I am trying to multiply a small matrix by a slice of a vector (subvector), i.e., z[3:7] .= A * x[3:7], and it allocates memory for a copy of the slice. A view is a lightweight option, but it still needs some memory and takes time when I do it many times (10 million times or more). Is there any way to perform such an operation with limited memory usage? (like GEMM or SYMM for slices?)

Examples:

julia> z = zeros(7);

julia> x = ones(7);

julia> A=rand(5,5);

# naive case
julia> @time z[3:7] .= A * x[3:7];
0.000012 seconds (6 allocations: 384 bytes)

# view for x
julia> @time z[3:7] .= A * (@view x[3:7]);
0.000012 seconds (6 allocations: 304 bytes)

# view for z
julia> @time vz = @view z[3:7];
0.000002 seconds (1 allocation: 48 bytes)

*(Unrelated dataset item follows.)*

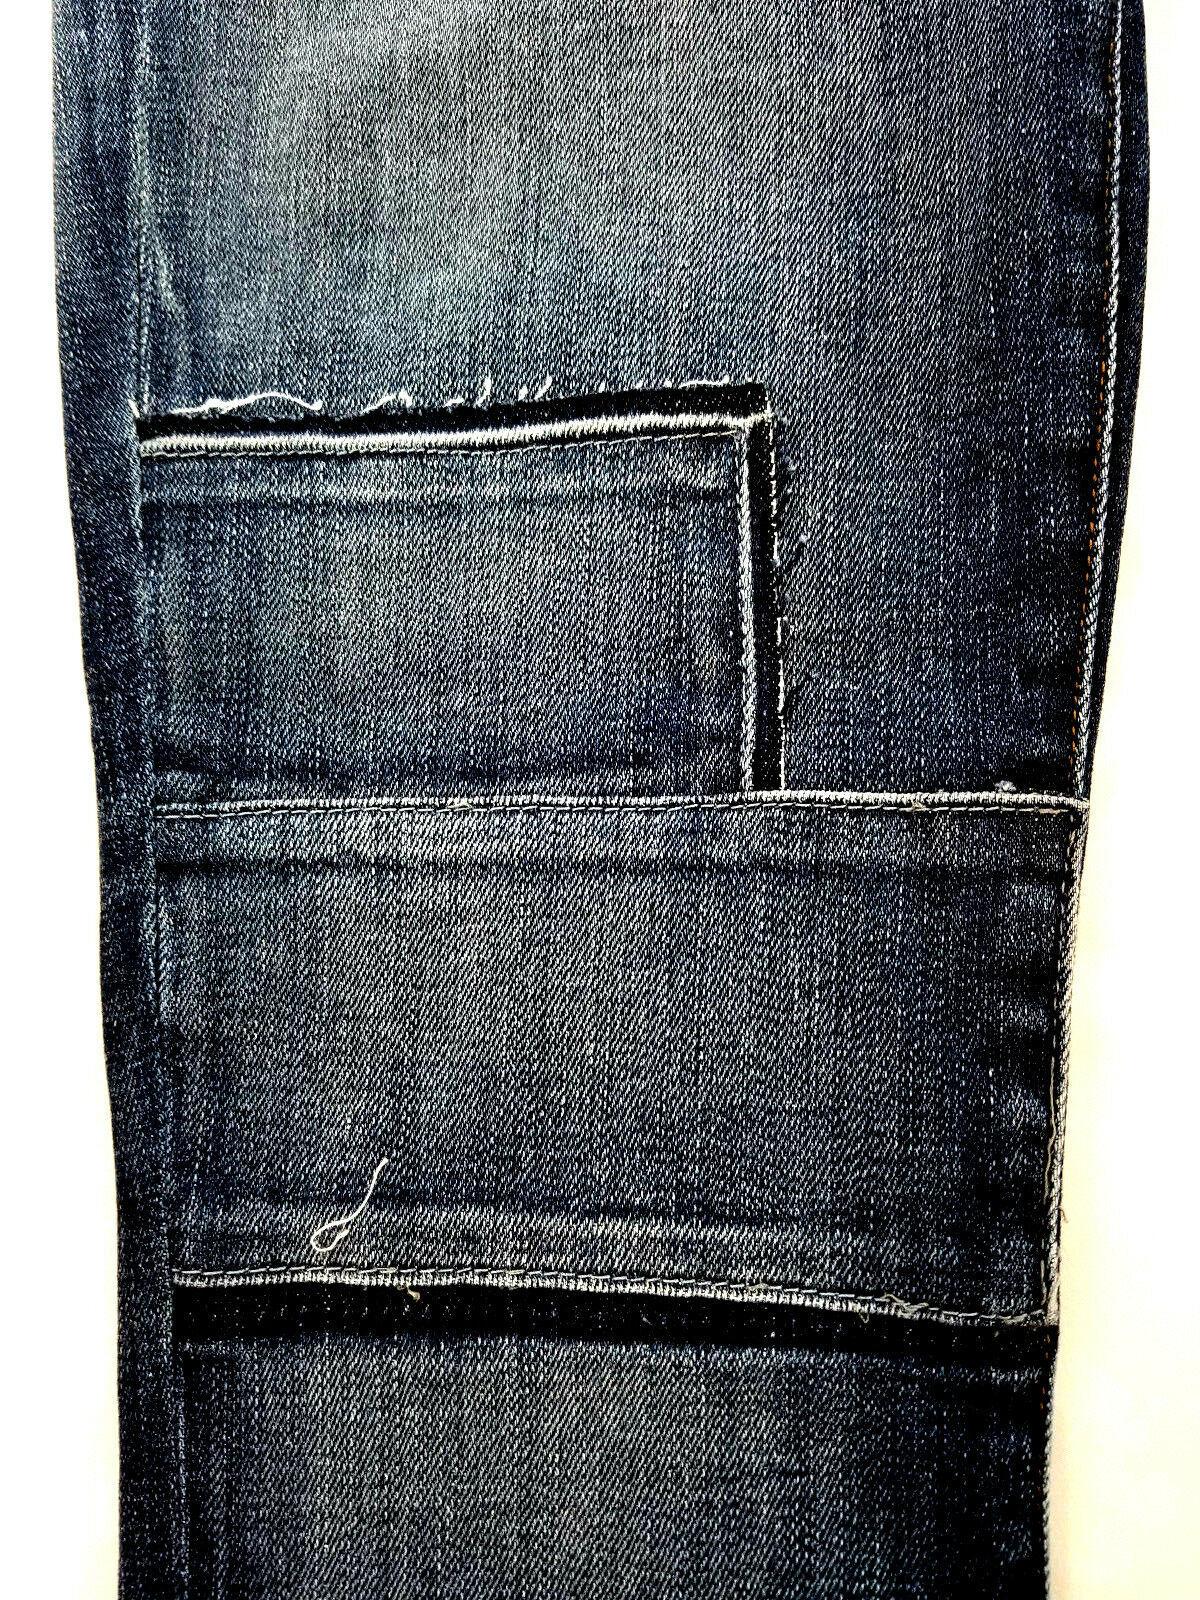 new J BRAND women jeans Jasper Patched JB001098 high rise crop 26 blue MSRP $298 image 7
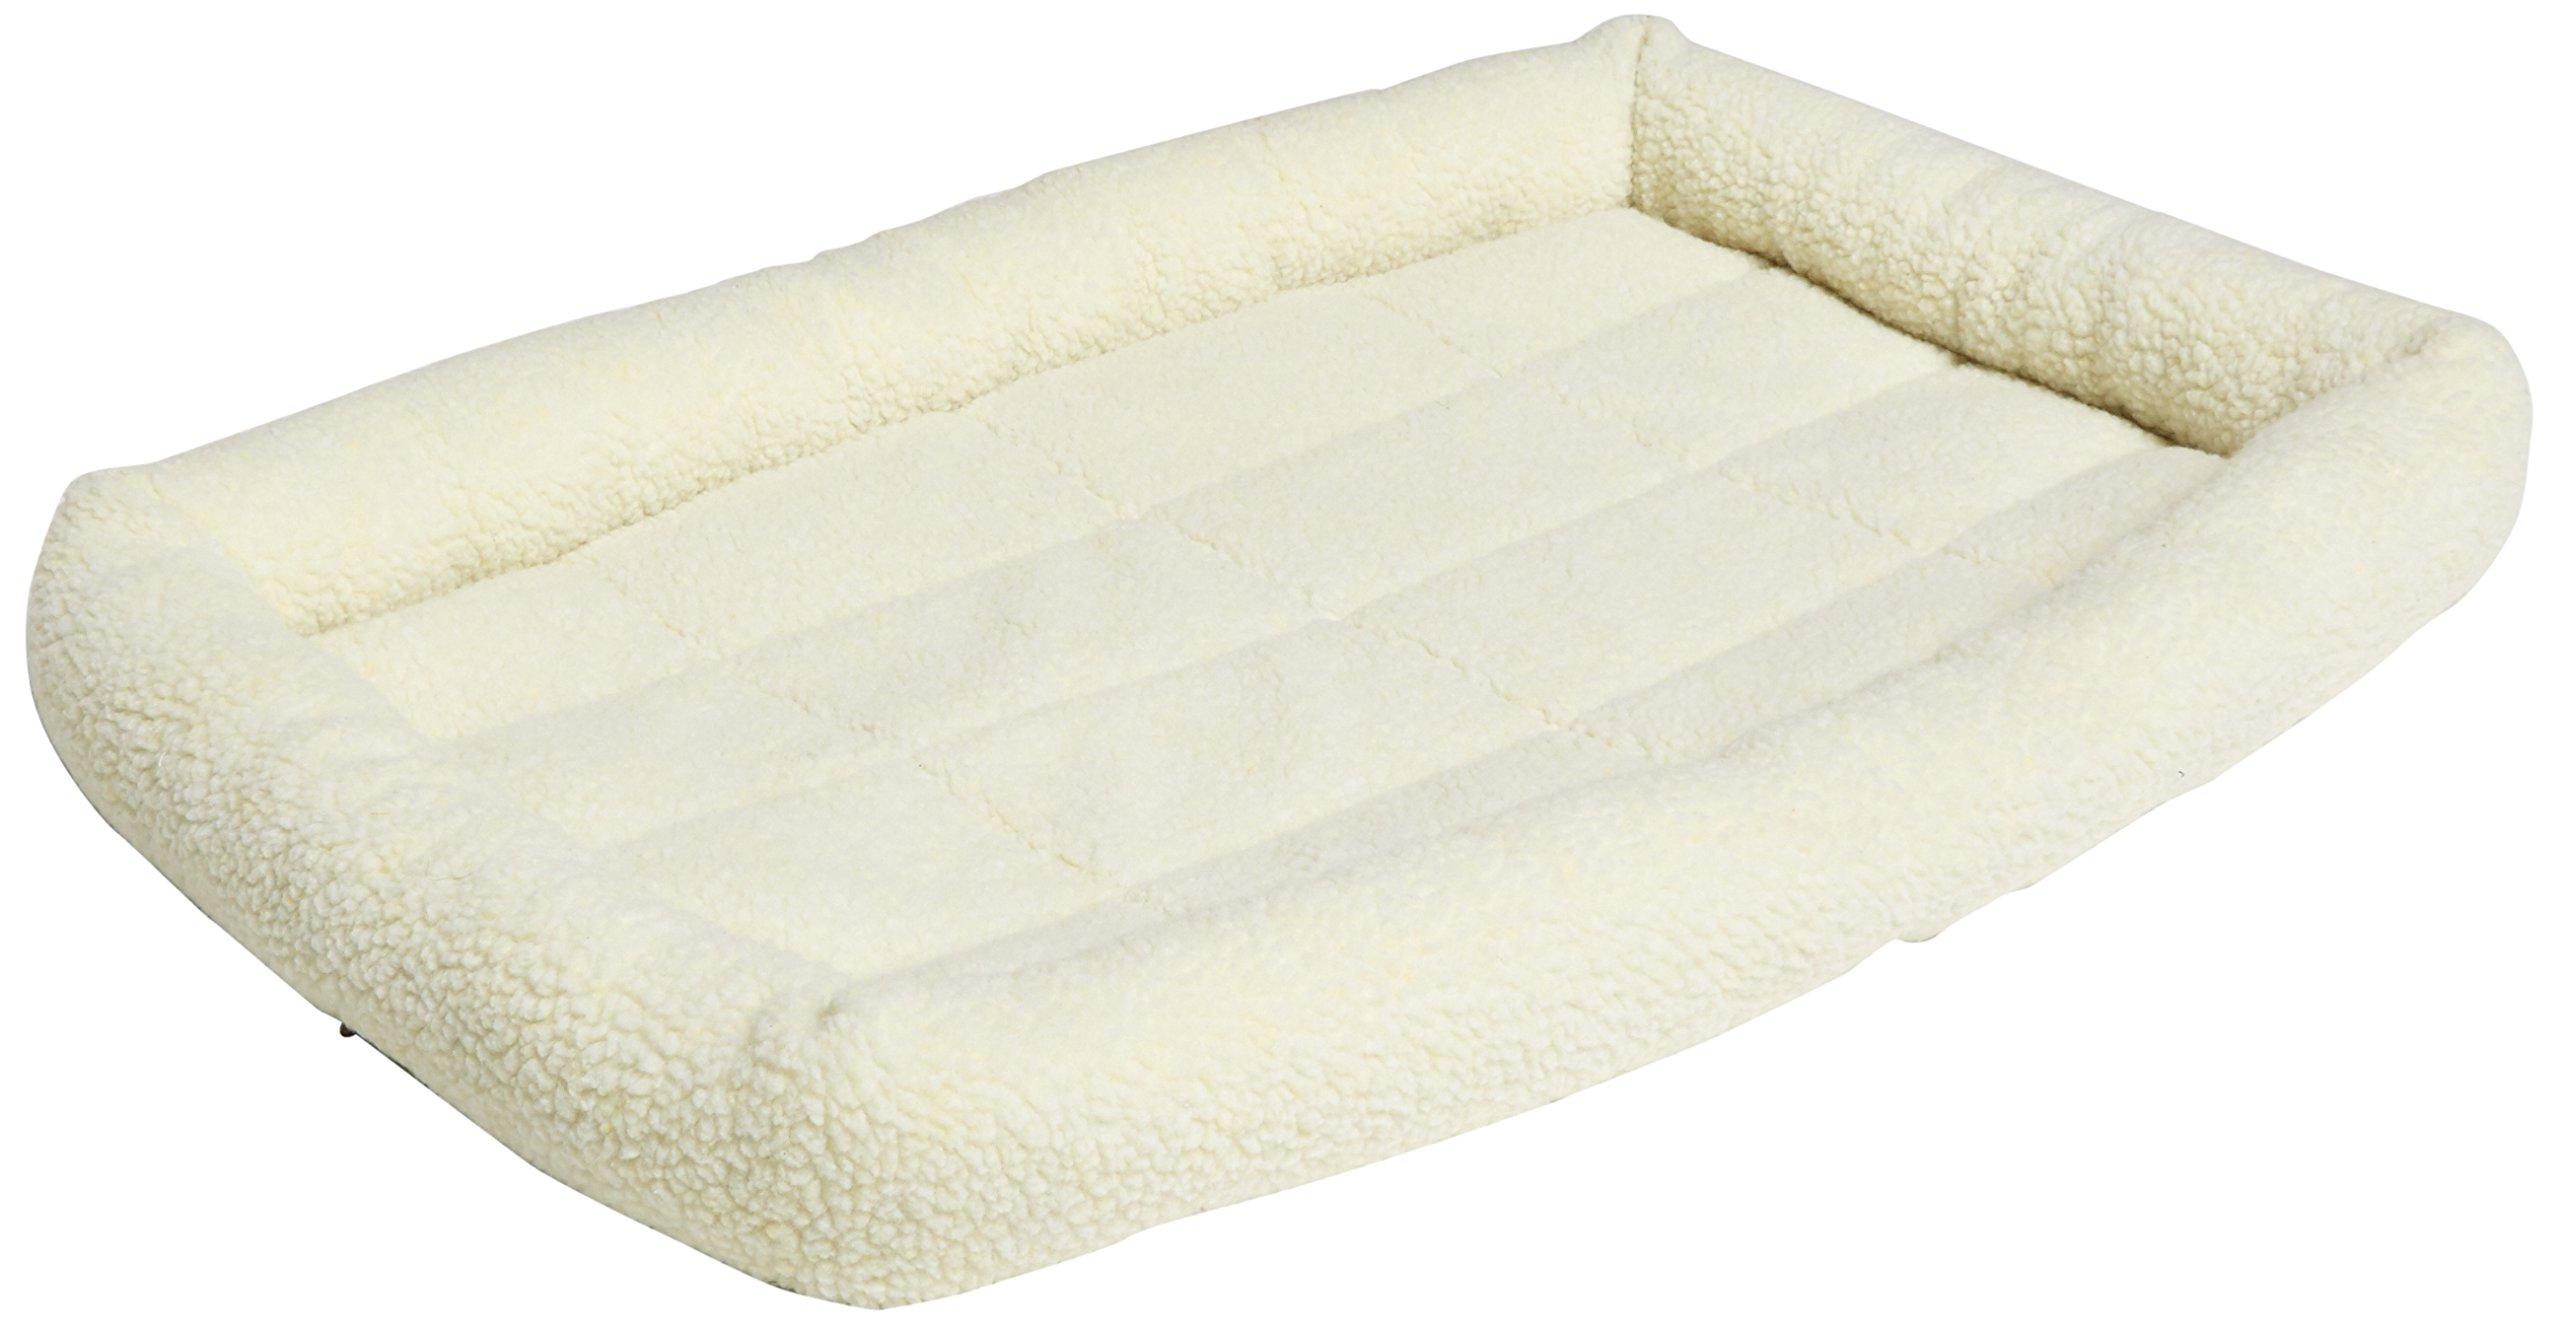 AmazonBasics-Padded-Pet-Bolster-Bed-MediumLarge

julia> @time vz .= A * (@view x[3:7]);
0.000006 seconds (2 allocations: 176 bytes)

Some ways:

julia> @btime $z[3:7] .=$A * $x[3:7]; 131.082 ns (2 allocations: 256 bytes) julia> using LinearAlgebra, Einsum julia> @btime @views mul!($z[3:7], $A,$x[3:7]);
69.175 ns (0 allocations: 0 bytes)

julia> emul!(C,A,B) = @einsum C[i] = A[i,k] * B[k]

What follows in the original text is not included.